Dataset Cleaning and Identifier Mapping - bcb420-2023/Jielin_Yang GitHub Wiki

Objectives

Download the selected dataset from GEO
Perform basic exploratory data analysis
Identifier mapping to HGNC Symbols
Perform distribution analysis of the dataset
Normalize the dataset using a suitable method

Time management

Time estimated: 48 hrs, taken: 72 hrs.

Start date: 2023-02-08, End date 2023-02-14.

Resources

This journal page documents the progress of assignment 1 in the ongoing basis. Part of the process (dataset selection) is documented in the following journal pages and the R Notebook:

Dataset Selection:

Journal page: 2.1 Gene Expression Dataset Selection

R Notebook: Gene-Expression-Dataset-Selection.Rmd

Dataset Cleaning and Identifier Mapping

The current journal page documents progress consistant with the dataset selection and identifer mapping part of assignment 1, where the R notebook is liked as follows: Assignment 1 - Data cleaning and identifier mapping

Software and Packages

RStudio and base environment under docker image risserlin/bcb420-base-image (see here)
GEOquery
edgeR
limma
biomaRt
stringr
kableExtra
dplyr
DT
ggplot2
reshape2
here

Procedure and Results

Downloading the dataset

In the previous part of the process, the dataset GSE203358 is selected. It is downloaded from the GEO server using the GEOquery packaged.

Note that the data is in the supplimentary file, which is different from the download data option in GEOquery.

This dataset contain raw counts of 24 samples, each is labelled by the treatment conditions of the samples. The samples are labelled as follows:

CTRL: control
VTP: verteporfin treatment only
TGFb: TGFb treatment only
TGFB_VTP: TGFb and verteporfin treatment

Exploratory data analysis

We observed the original IDs of the genes in the dataset. There was no duplicated gene ID in the dataset. This is because that the genes are labelled in mix of HGNC symbols and ENA accession numbers. This accesion numbers is the same as the Genbank id, which are referred interchangeably in the report.

Formart of the accession numbers:

The formats are in a mix of the current and legacy versions:

Current version: AC002456.1
Legacy version: U00096.2

The current version uses 2 letters followed by 6 digits, while the legacy version uses 1 letter followed by 5 digits. The current version is the most common format in the dataset. Therefore selecting both the current and legacy version in the dataset requires the following regular expression:

[A-Z]{1,2}[0-9]{5,6}.[0-9]{1,2}

However we observed some other genes that do not match this regular expression. Yet it is correctly indexed in the ENA database. Therefore we have to manually check the accession numbers that do not match the regular expression.

Version Numbers:

Interestingly, somehow the dataset contain reads that are mapped to multiple versions of the same gene. This means that there are entries in the dataset that have the same gene ID but different version numbers.

We have checked a few of those entries manually and discovered that the version numbers are not the same as the version numbers in the ENA database. Some of the versions of the genes are not able to be found in the ENA database.

We did not have the resource to manually check whether all of those version of duplicated genes are correct, i.e. we cannot search each of them online manually.

Some manual checking with the gene expression values of the genes indicate that such genes have usually very low expression values. Therefore we decided combind the duplicated genes with the same gene ID but different version numbers into one gene ID, and the expression value (raw counts) of the gene is the sum of the expression values of the duplicated genes. This is performed after the identifier mapping.

Identifier mapping

We used the biomaRt package to map the accession numbers to HGNC symbols. This means that the Ensembl database was used.
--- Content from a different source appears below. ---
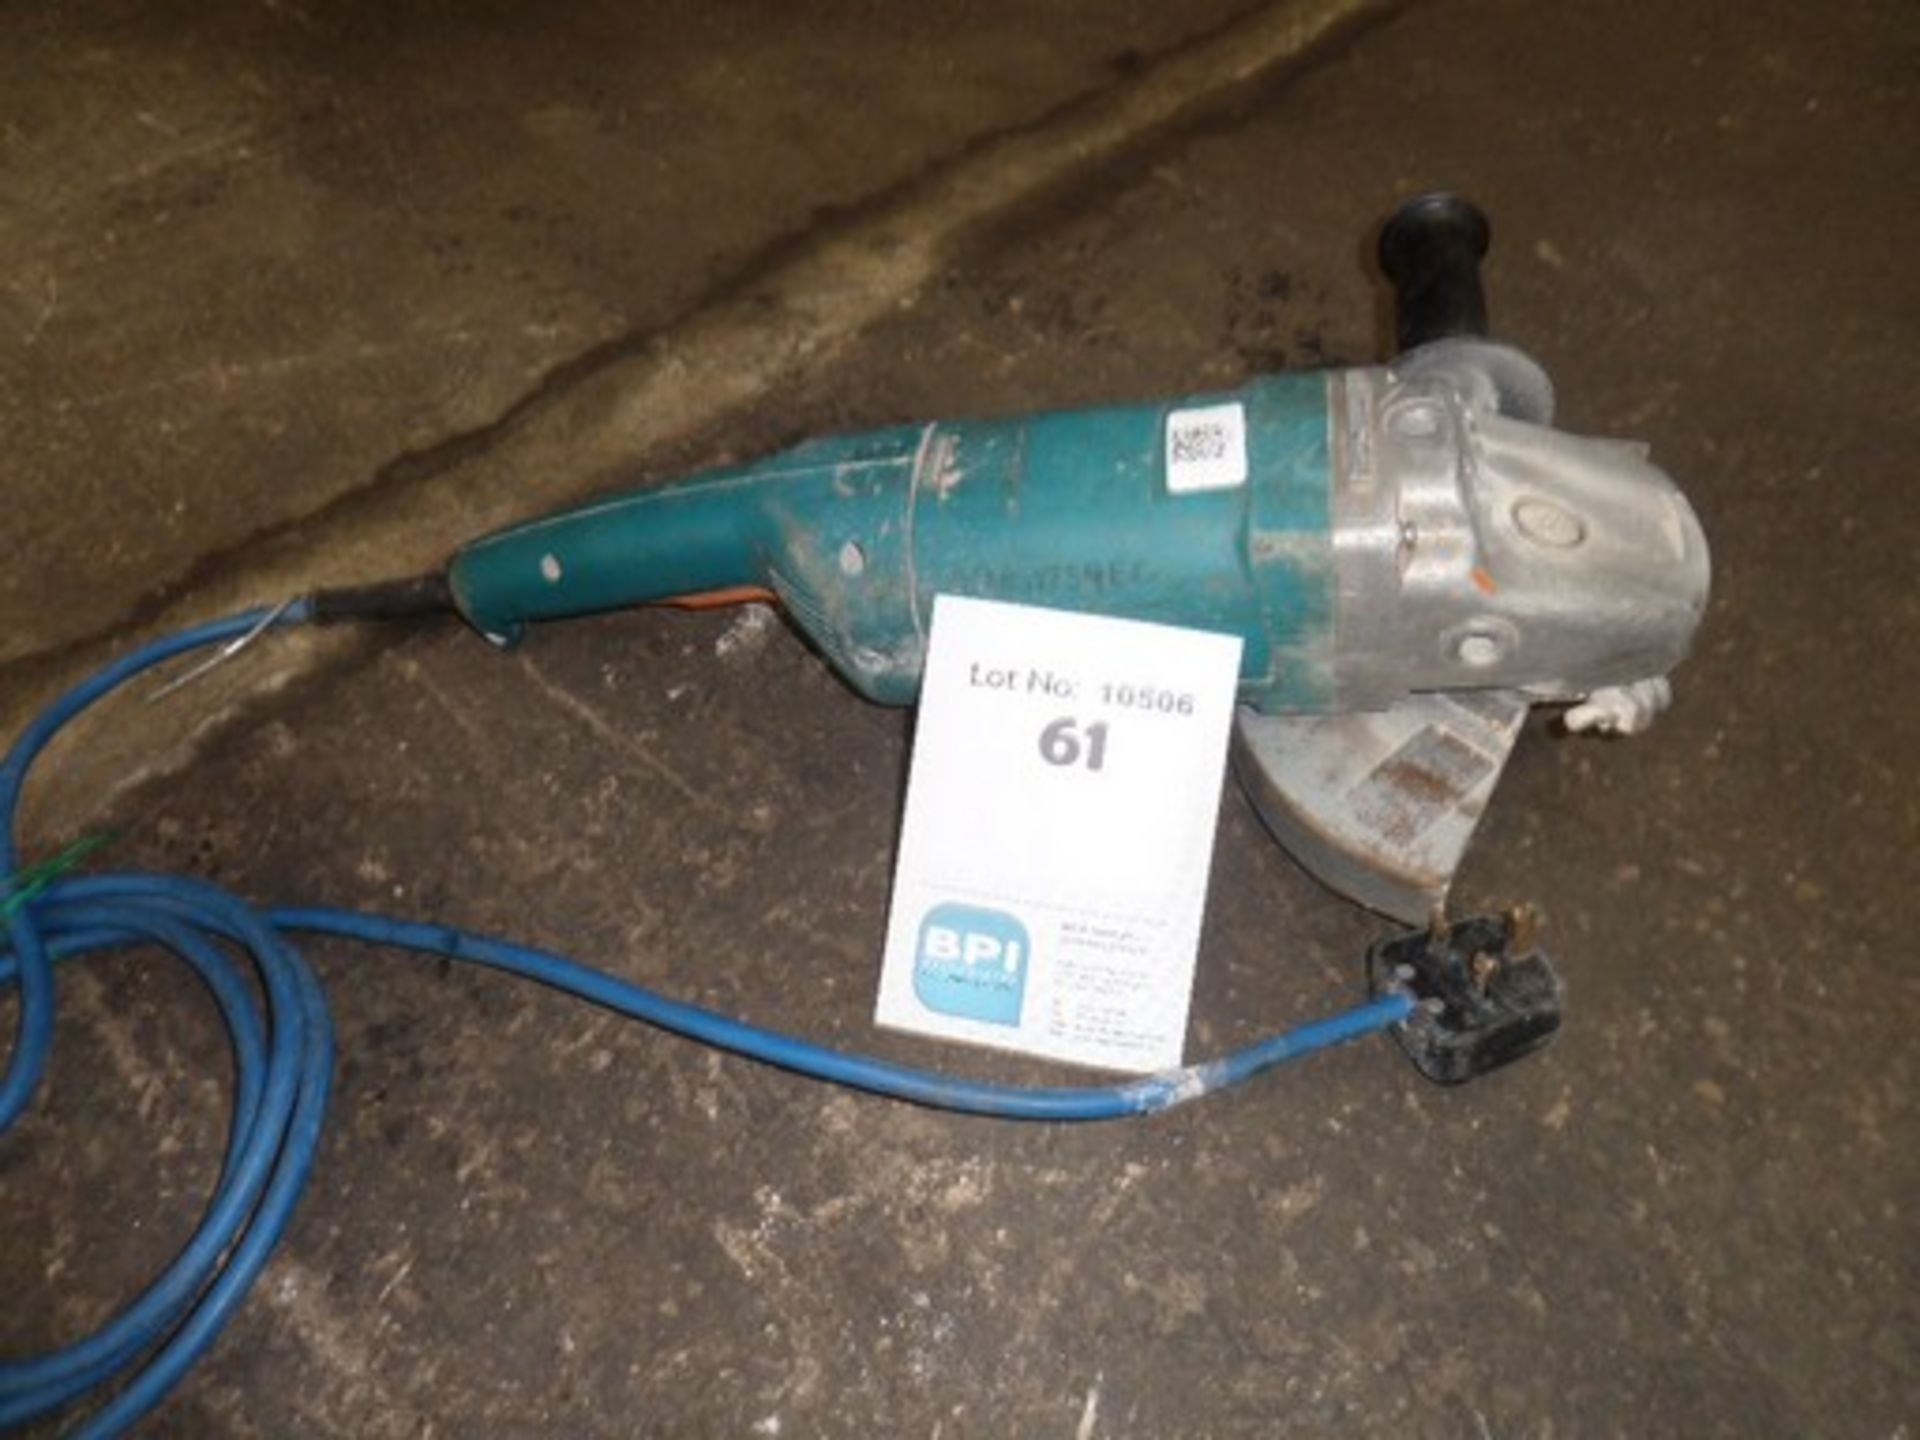 MAKITA Unknown {015218} ANGLE GRINDER 230MM/ 9 Power there when tested but does require new blade.

Parameters used in the mapping:

dataset = "hsapiens_gene_ensembl": the dataset used in the mapping
filters = "embl": this is the filter for ENA accession numbers
attributes = c("embl", "hgnc_symbol"): the ENA accession number and the HGNC symbol both needs to be returned to allow merging the identifiers back to the dataset

A first attempt to map the accession numbers to HGNC symbols did not retrieve any result. This because that embl only matches the first 6-8 characters of the accession number. The version number cannot be included in the mapping. Therefore we have to trim the version number from the accession numbers before mapping.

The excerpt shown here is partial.